Pepsi, Diet Pepsi, and Pepsi Max now use all lower-case fonts for name brands, Mountain Dew has been renamed "Mtn Dew," and Diet Pepsi Max has been re-branded as Pepsi Max, because the original 1993 version is no longer available in the United States. The new imagery has started to be used. The new lower-case font used on Pepsi's products are reminiscent of the font used in Diet Pepsi's logo from the 1970s to the mid-1980s.

The white area of the logo became a series of "smiles," with the central white band arcing at different angles depending on the product until mid 2010. Regular Pepsi had a medium-sized "smile", while Diet Pepsi had a small "grin". Pepsi Max's variant was the most different, using a large "laugh" and also used black in the bottom third of the globe as opposed to the more standard royal blue. In July 2010, Diet Pepsi, Pepsi Max, and all other Pepsi variants (except Pepsi ONE) began using the regular "smile" logo as it was redesigned to match the global branding.

The new Pepsi design was unveiled in Canada in 2009. It was then released in other countries outside the US in 2010 such as France and the UK, meaning the 2003 design was phased out completely.
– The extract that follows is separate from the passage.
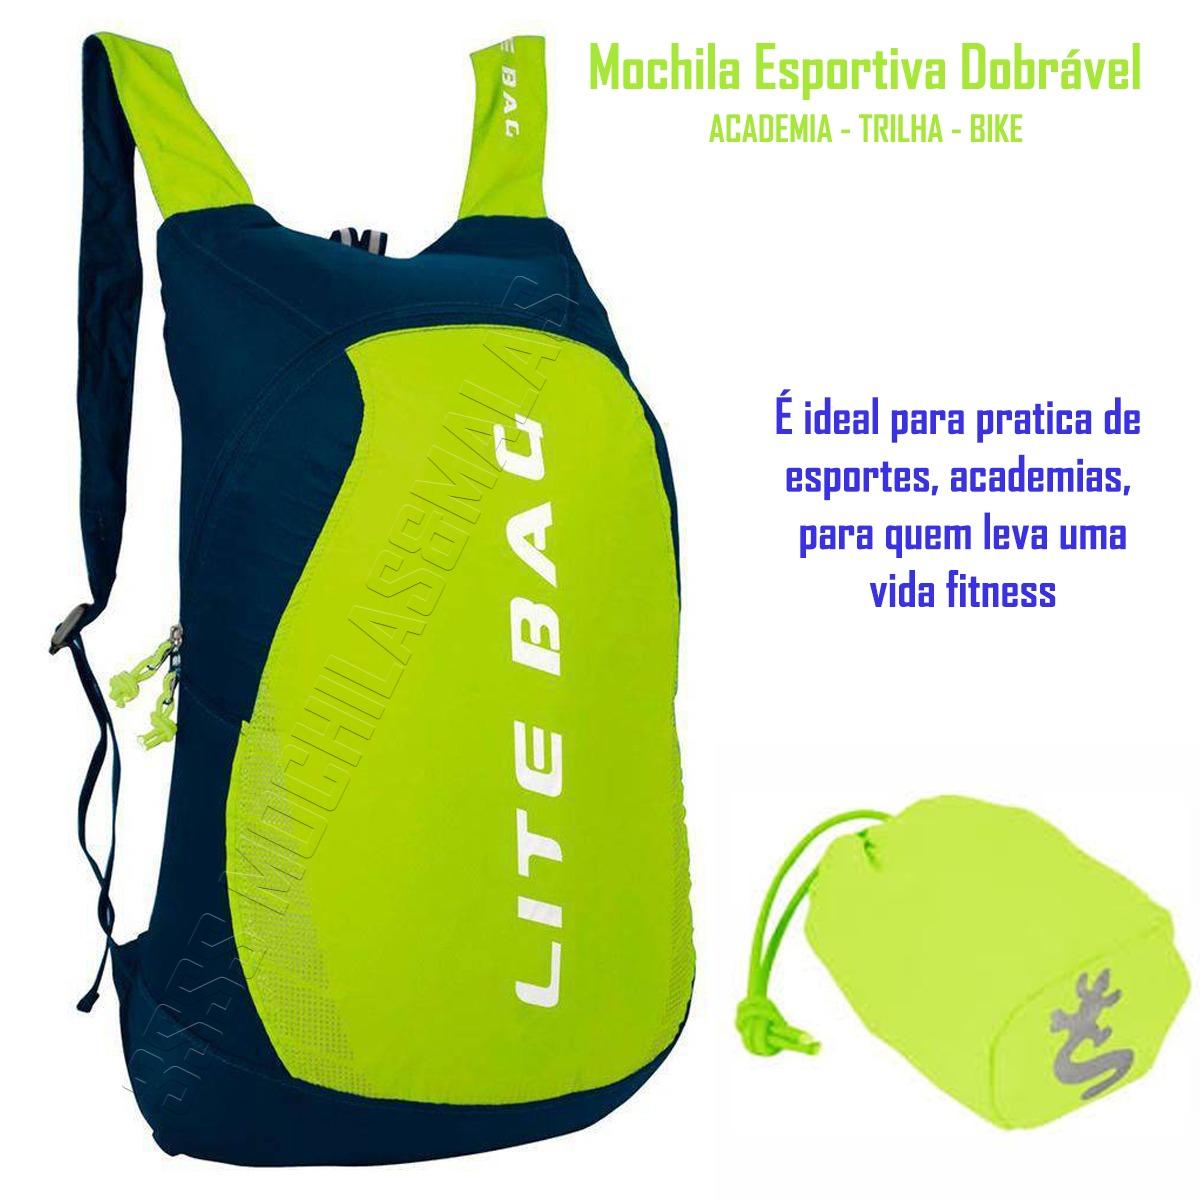 bd8a458e2 Mochila Tactel Dobrável C/estojo Esportes Natação Lt-1035 - R$ 104 ...

In the UK, the current "smile" logo features the globe in the center, and the "Pepsi" text below it, as opposed to the tilted text in the US.

As of 2014, the only Pepsi product not using the redesigned Pepsi Globe is Pepsi Throwback. Throwback deliberately uses retro 1973 logo on the packaging due to the drink using an older formula of Pepsi containing sugarcane instead of high-fructose corn syrup that is more commonly found in soft drinks today in the US. The product was renamed Pepsi-Cola Made With Real Sugar in 2014, and uses the 1950s-era script logo in addition to the modern globe logo. Pepsi ONE previously used the 2005 logo until late 2012, when it adopted the current smile logo to keep in line with Pepsi's current branding; Pepsi ONE would be discontinued in 2015.

Cost
The true cost of the new logo is difficult to quantify including the costs of replacing the old logo on trucks, vending machines, stadium signs, billboards, point-of-sale materials and other places that displayed the old Pepsi logo. One expert estimated that this cost could easily reach several hundred million dollars. The estimated time to remake this icon was about 5 months. The CEO of Pepsi, Indra Nooyi, called for a "quantum leap" forward in reconstructing the soft drink business and for Pepsi to be recognized as a cultural leader. Pepsi needed to find ways to cut costs in the next few years. It laid off many workers, primarily in the Frito-Lay division, and spent significantly less on television advertising in 2010 and 2011. In those years Coca-Cola spent roughly 8% of sales on television advertising while Pepsi spent 3%. In 2012 Pepsi spent an estimated $400 million to $500 million on advertising spending.

Diet Pepsi
Diet Pepsi was using 1960s-style script with light-blue waves below the script on a white background from the 1970s to 1980s.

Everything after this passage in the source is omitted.